Dataset entries

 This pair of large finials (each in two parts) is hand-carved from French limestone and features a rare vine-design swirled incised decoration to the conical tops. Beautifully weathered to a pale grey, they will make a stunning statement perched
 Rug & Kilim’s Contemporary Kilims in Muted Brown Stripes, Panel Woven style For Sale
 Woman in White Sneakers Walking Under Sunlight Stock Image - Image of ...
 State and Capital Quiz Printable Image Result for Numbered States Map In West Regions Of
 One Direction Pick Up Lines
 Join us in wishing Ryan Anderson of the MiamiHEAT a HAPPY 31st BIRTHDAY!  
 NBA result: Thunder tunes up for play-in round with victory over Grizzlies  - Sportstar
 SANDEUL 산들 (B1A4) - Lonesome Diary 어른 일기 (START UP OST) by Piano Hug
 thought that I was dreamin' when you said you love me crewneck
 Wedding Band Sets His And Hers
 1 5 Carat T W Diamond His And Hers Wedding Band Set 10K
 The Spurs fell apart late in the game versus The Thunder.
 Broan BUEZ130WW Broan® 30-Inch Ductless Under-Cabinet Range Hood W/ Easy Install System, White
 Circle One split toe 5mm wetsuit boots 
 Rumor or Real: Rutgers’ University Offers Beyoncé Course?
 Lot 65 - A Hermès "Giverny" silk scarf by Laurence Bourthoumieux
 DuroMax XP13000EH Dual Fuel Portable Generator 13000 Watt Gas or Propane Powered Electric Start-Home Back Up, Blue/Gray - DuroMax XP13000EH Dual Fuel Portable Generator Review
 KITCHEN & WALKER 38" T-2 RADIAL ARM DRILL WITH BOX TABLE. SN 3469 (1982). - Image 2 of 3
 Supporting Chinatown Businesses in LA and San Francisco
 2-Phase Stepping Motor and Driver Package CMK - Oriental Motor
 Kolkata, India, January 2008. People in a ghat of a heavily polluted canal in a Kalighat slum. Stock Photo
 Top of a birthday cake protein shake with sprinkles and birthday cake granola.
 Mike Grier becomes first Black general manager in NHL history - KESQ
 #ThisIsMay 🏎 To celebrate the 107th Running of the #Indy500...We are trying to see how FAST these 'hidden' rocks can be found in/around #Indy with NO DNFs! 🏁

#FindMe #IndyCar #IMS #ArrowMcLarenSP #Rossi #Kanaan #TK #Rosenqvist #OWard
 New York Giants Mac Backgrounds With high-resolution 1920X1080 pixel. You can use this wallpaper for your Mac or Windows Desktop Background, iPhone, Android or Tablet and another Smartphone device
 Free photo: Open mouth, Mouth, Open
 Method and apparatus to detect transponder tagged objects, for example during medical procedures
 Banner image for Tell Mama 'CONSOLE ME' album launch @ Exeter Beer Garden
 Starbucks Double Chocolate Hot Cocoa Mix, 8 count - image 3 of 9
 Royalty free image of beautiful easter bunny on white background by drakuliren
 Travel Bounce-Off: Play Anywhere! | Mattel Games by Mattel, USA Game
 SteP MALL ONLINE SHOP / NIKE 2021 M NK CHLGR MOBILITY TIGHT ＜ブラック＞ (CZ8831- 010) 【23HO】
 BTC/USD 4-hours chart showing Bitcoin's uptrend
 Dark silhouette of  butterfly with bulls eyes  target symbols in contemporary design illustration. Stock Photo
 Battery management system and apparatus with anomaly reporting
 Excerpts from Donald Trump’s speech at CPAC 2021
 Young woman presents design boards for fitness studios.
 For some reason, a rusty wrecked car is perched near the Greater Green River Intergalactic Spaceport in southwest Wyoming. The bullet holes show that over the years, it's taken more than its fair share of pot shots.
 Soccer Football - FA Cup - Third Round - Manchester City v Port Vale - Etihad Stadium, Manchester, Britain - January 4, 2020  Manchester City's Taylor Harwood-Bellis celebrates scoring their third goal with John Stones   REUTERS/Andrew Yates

■ What is being asked
Keep only the lines from the one containing "BTC/USD 4-hours chart" through the final line of the records, and transcribe them exactly.

■ Exercise answer
 BTC/USD 4-hours chart showing Bitcoin's uptrend
 Dark silhouette of  butterfly with bulls eyes  target symbols in contemporary design illustration. Stock Photo
 Battery management system and apparatus with anomaly reporting
 Excerpts from Donald Trump’s speech at CPAC 2021
 Young woman presents design boards for fitness studios.
 For some reason, a rusty wrecked car is perched near the Greater Green River Intergalactic Spaceport in southwest Wyoming. The bullet holes show that over the years, it's taken more than its fair share of pot shots.
 Soccer Football - FA Cup - Third Round - Manchester City v Port Vale - Etihad Stadium, Manchester, Britain - January 4, 2020  Manchester City's Taylor Harwood-Bellis celebrates scoring their third goal with John Stones   REUTERS/Andrew Yates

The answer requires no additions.